Task objective: Nothing but the lines from the one containing "Off-White Black Pouch Belt Bag" through the one containing "Dukes London hotel", both included, should be given again, each exactly as written below.

Available records Block Start

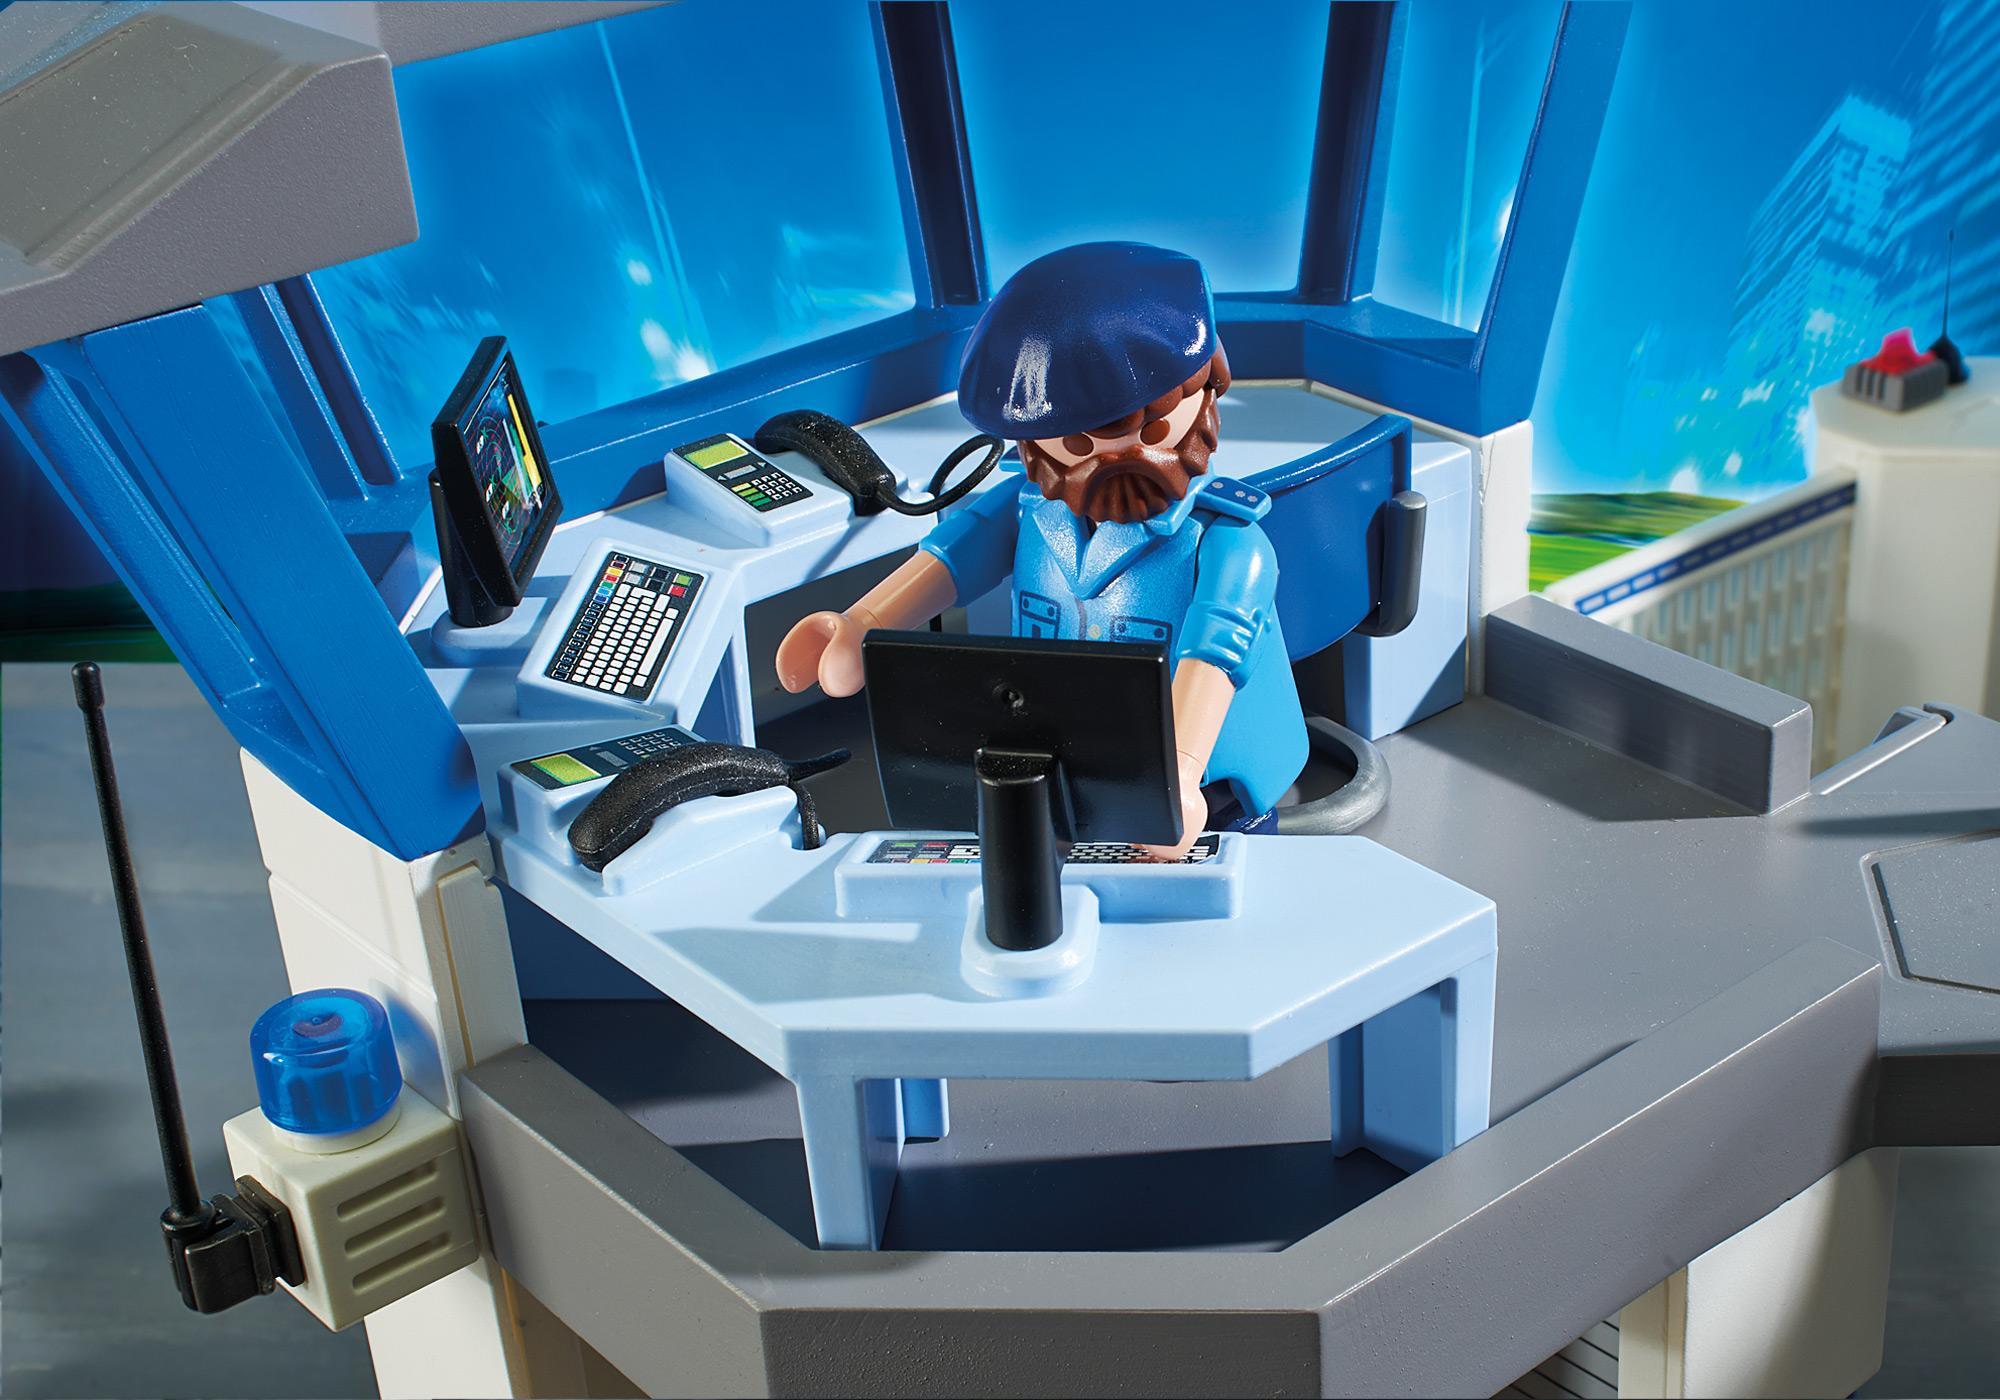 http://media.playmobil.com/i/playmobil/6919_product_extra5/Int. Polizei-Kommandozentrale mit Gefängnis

Available records Block End
Available records Block Start

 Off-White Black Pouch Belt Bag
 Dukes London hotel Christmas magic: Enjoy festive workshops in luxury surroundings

Available records Block End
Available records Block Start

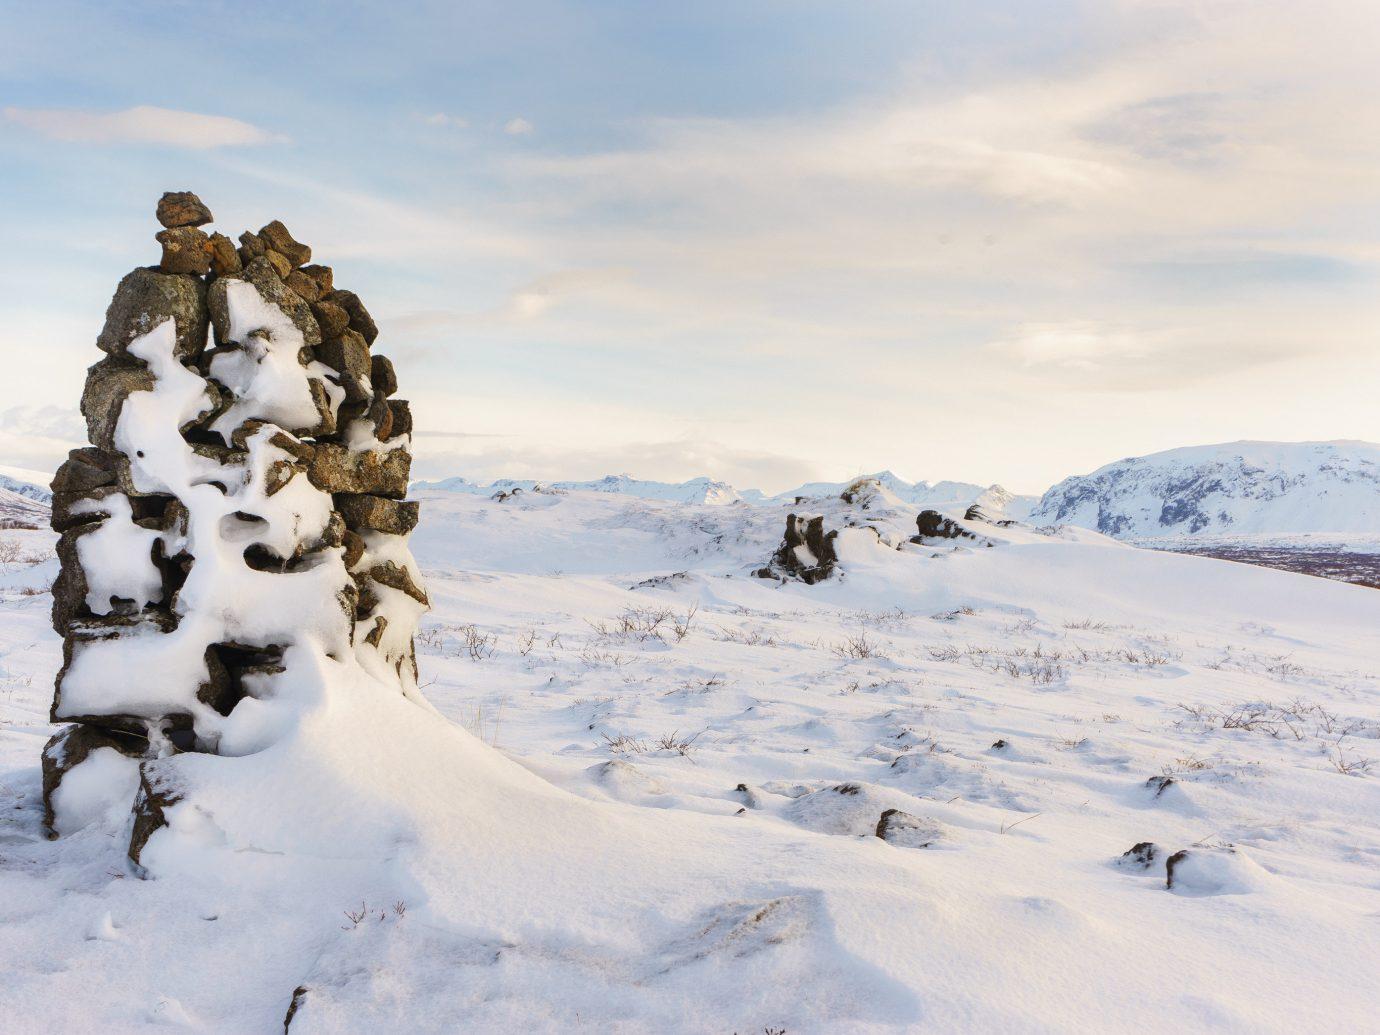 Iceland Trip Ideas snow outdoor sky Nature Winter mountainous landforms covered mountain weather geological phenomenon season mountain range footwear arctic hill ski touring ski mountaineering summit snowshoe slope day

Available records Block End

The answer:
 Off-White Black Pouch Belt Bag
 Dukes London hotel Christmas magic: Enjoy festive workshops in luxury surroundings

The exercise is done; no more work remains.